In contrast to liver transplantation, recipients of thoracic transplants (heart and lung) typically receive higher doses of immunosuppression to prevent rejection, placing them at greater risk for infectious disease events. Ducharme-Smith and colleagues conducted a cross-sectional analysis of pediatric heart transplant recipients in the United States by collecting urine samples at regular clinic appointments. Since 2006, urine testing was performed only in patients with a history of chronic kidney disease and all patients were screened starting in 2012. Blood testing for BKPyV DNA was performed only if urine testing was positive. Of the 83 patients screened for viruria at a median of 3.3 years after transplant, 28 (34%) had viruria. Of these 28 patients, 7 had test results for DNAemia (representing 8% DNAemia among the total study population). In multivariate analysis, patients in whom BKPyV viruria developed were significantly more likely to have evidence of EBV detection in the blood. In a follow-up study, the authors prospectively collected urine and blood samples from 10 consecutive pediatric heart transplant recipients from 2013 to 2015. Samples were collected before transplant and at 1 week and months 3, 6, 9, 12, and 15 after transplant. Quantitative blood and urine NAT was only performed if the result of the initial qualitative urine NAT was positive. The 10 subjects had follow up for 15 months after transplant, during which time viruria developed in 2 of 10 and 1 of 10 (10%) had DNAemia.

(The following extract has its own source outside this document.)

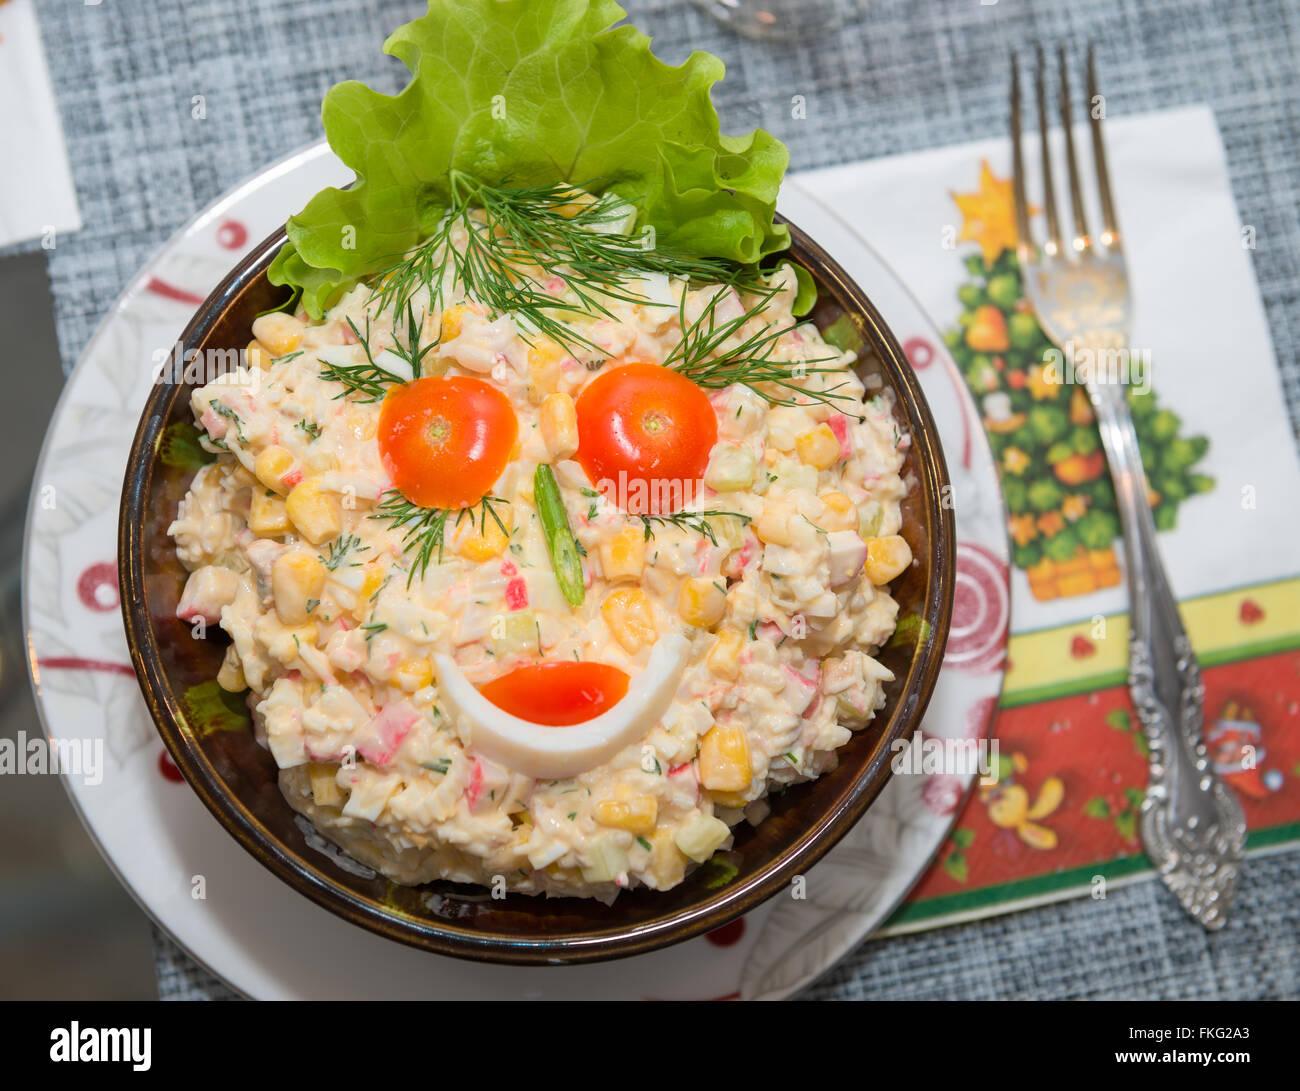 Essen Dekoration essen hintergrund salat olivier nahaufnahme grüne erbsen gurken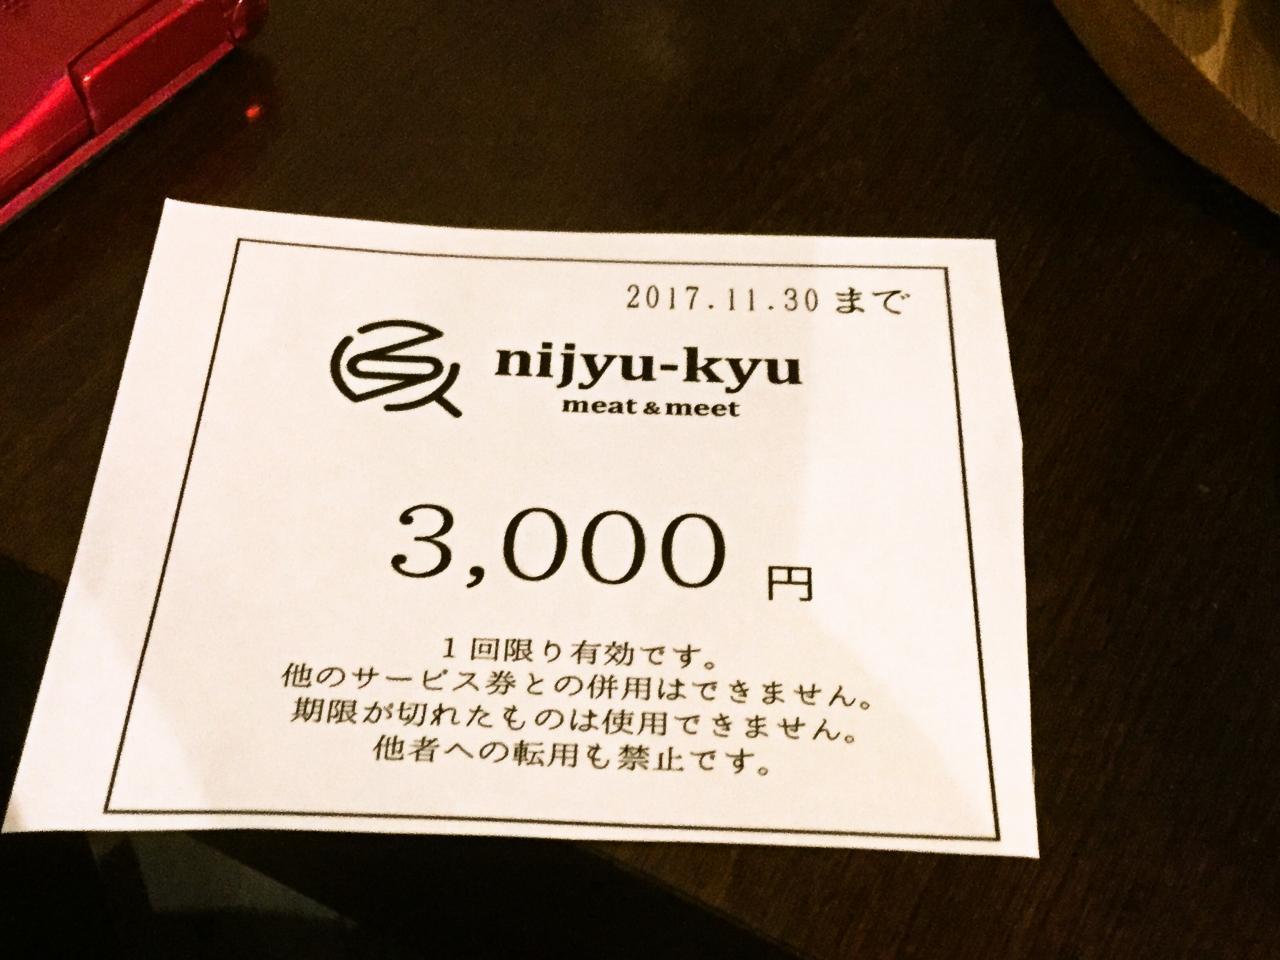 nijyu-kyu(モンスターミートチャレンジ)

Several reviews have summarized the literature describing cases in adults and children with BKPyV replication after heart or lung transplant. , In adults after heart transplant, studies have reported a viruria risk of 19% and a DNAemia risk of 5%. After lung transplant, 33% of recipients have been found to have viruria, with less data available on the risk of DNAemia. No studies have systematically examined the risk of BKPyV replication after pediatric lung transplant or in children with cancer. As summarized in later text, there are mainly case reports of BKPyV nephropathy in children after nonrenal SOT, especially in those receiving heart or lung transplants. However, the exact risk of nephropathy in the native kidneys of children with SOT remains unknown.